Multiple studies have employed SimThyr for in silico research on the control of thyroid function.

The original version was developed to check hypotheses about the generation of pulsatile TSH release. Later and expanded versions of the software were used to develop the hypothesis of the TSH-T3 shunt in the hypothalamus-pituitary-thyroid axis, to assess the validity of calculated parameters of thyroid homeostasis (including SPINA-GT and SPINA-GD) and to study allostatic mechanisms leading to non-thyroidal illness syndrome.

SimThyr was also used to show that the release rate of thyrotropin is controlled by multiple factors other than T4 and that the relation between free T4 and TSH may be different in euthyroidism, hypothyroidism and thyrotoxicosis.

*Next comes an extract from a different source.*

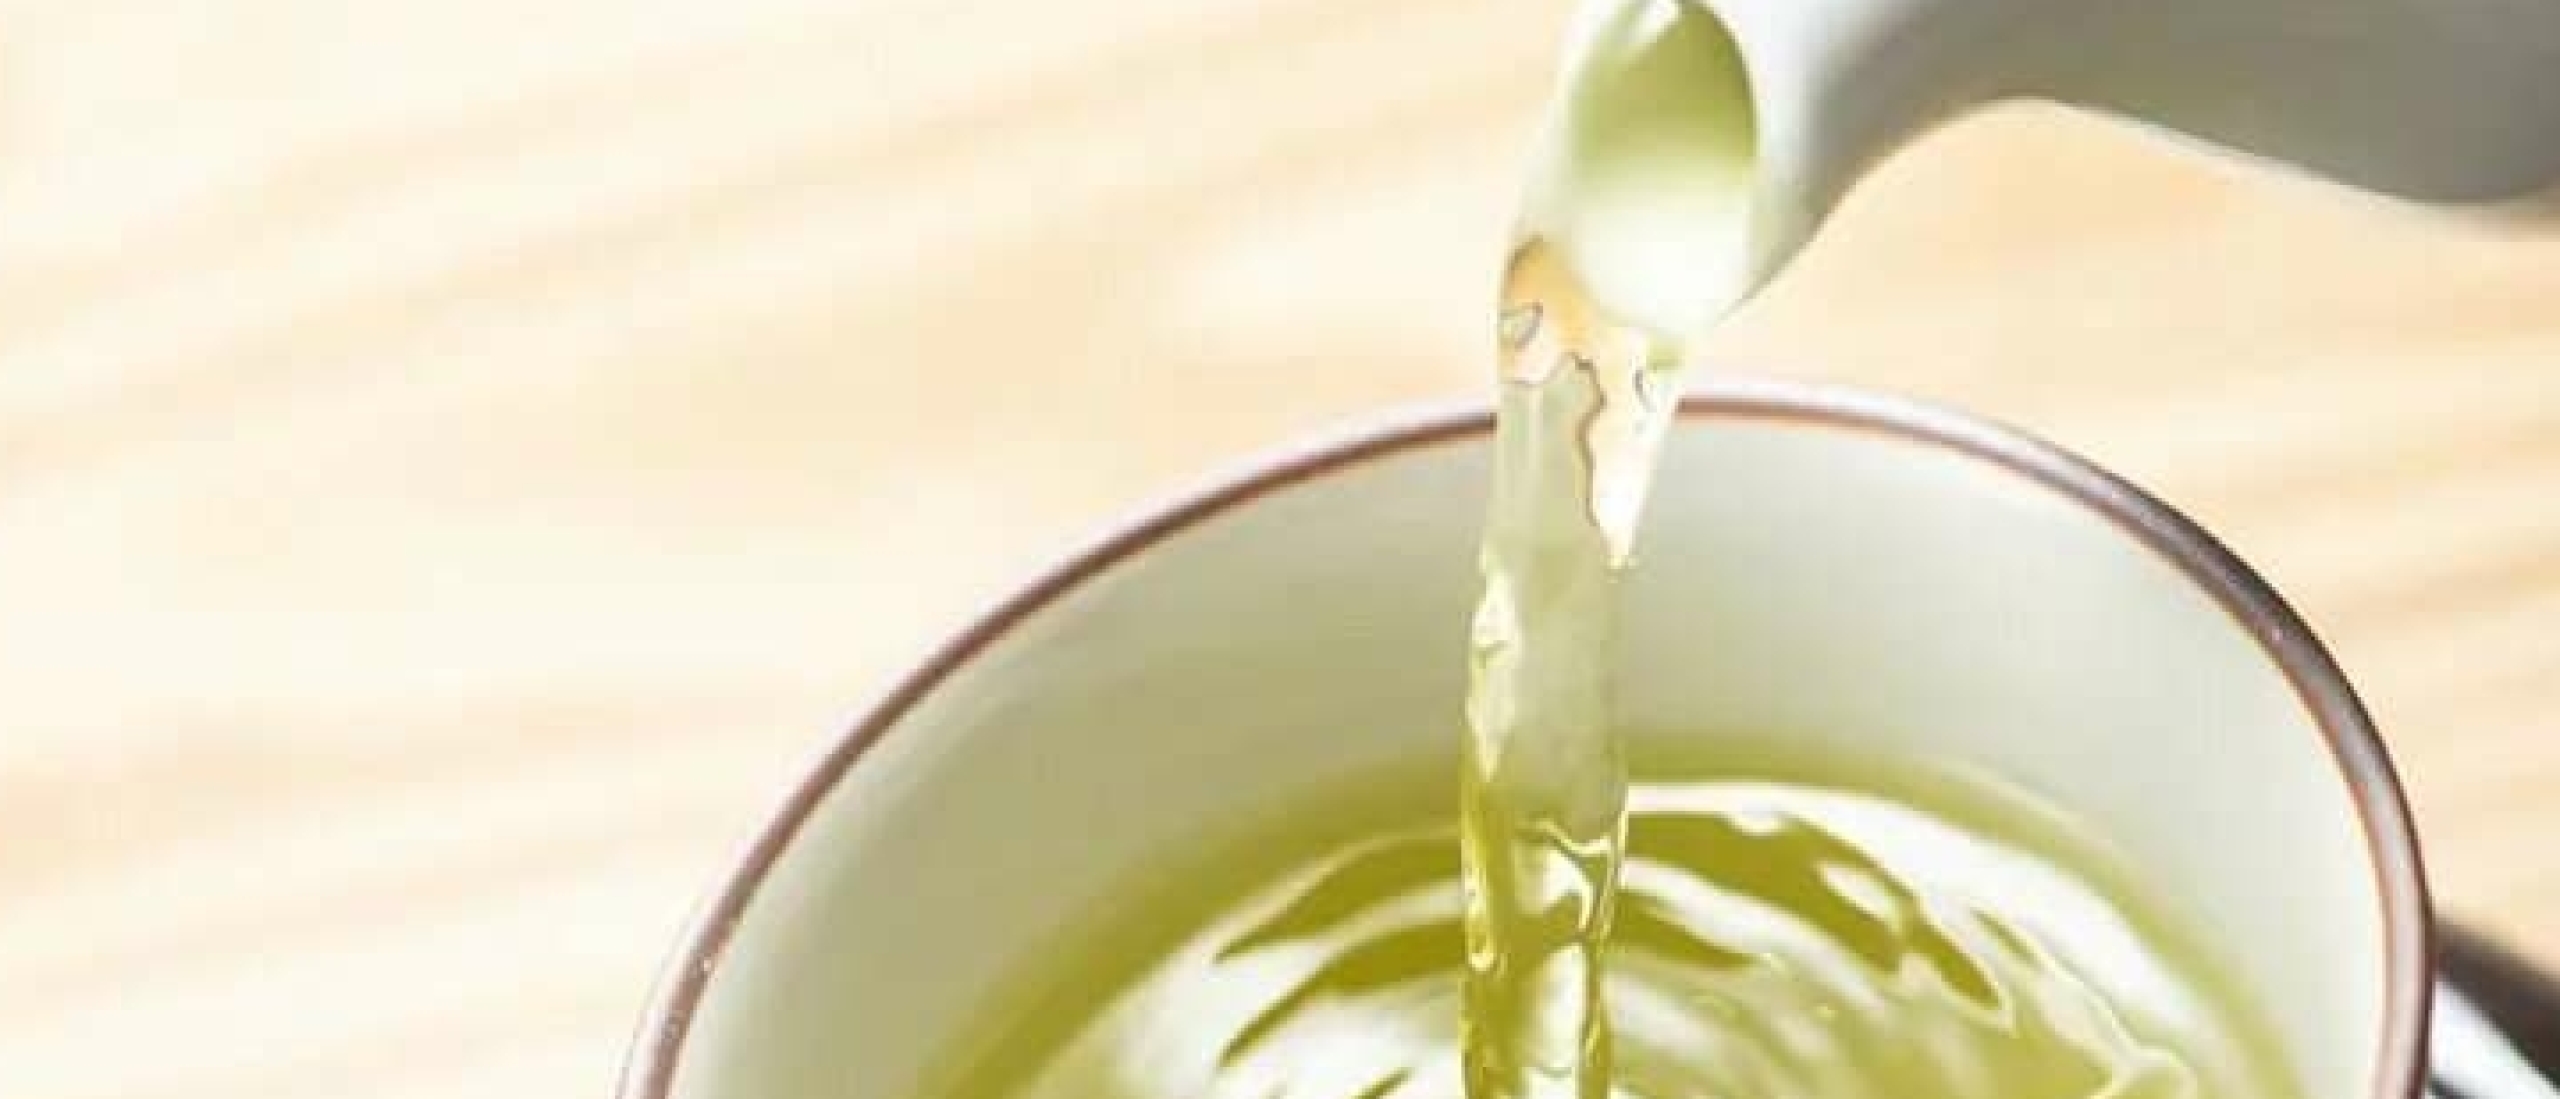 10 gezondheids voordelen van groene thee | Waarom je het iedere dag zou moeten drinken!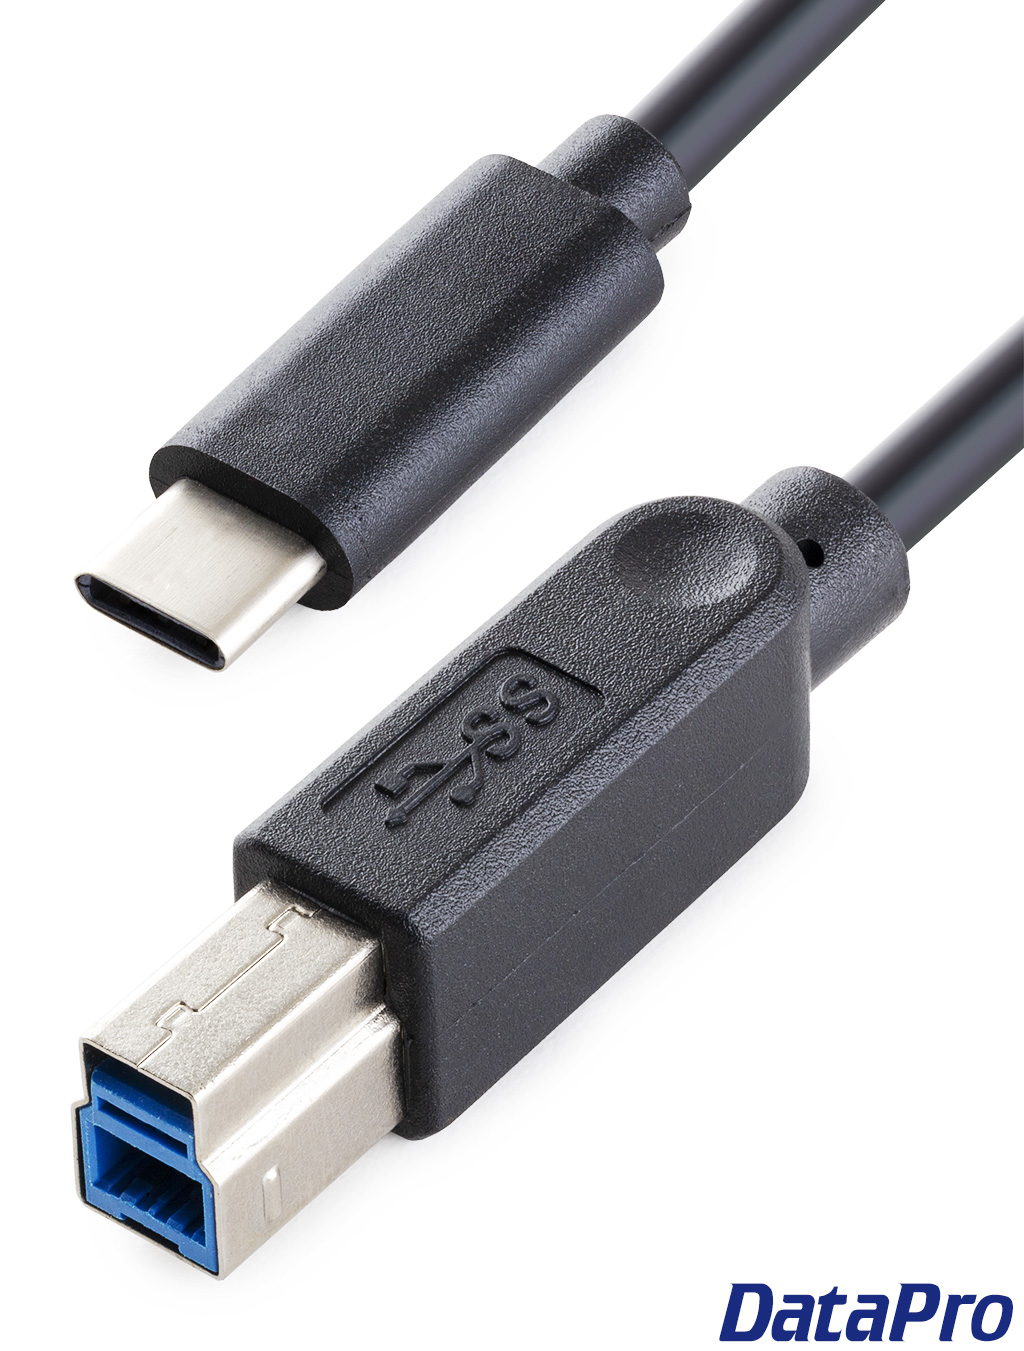 Gimax .usb plug USB male USB socket USB-A male 90 degree bend foot line

== Public perception, reception and discussion of the software ==

SimThyr is free and open-source software. This ensures the source code to be available, which facilitates scientific discussion and reviewing of the underlying model. Additionally, the fact that it is freely available may result in economical benefits.

The software provides an editor that enables users to modify most structure parameters of the information processing structure. This functionality fosters simulation of several functional diseases of the thyroid and the pituitary gland. Parameter sets may be stored as MIRIAM- and MIASE-compliant XML files.

On the other hand, the complexity of the user interface and the lack of the ability to model treatment effects have been criticized.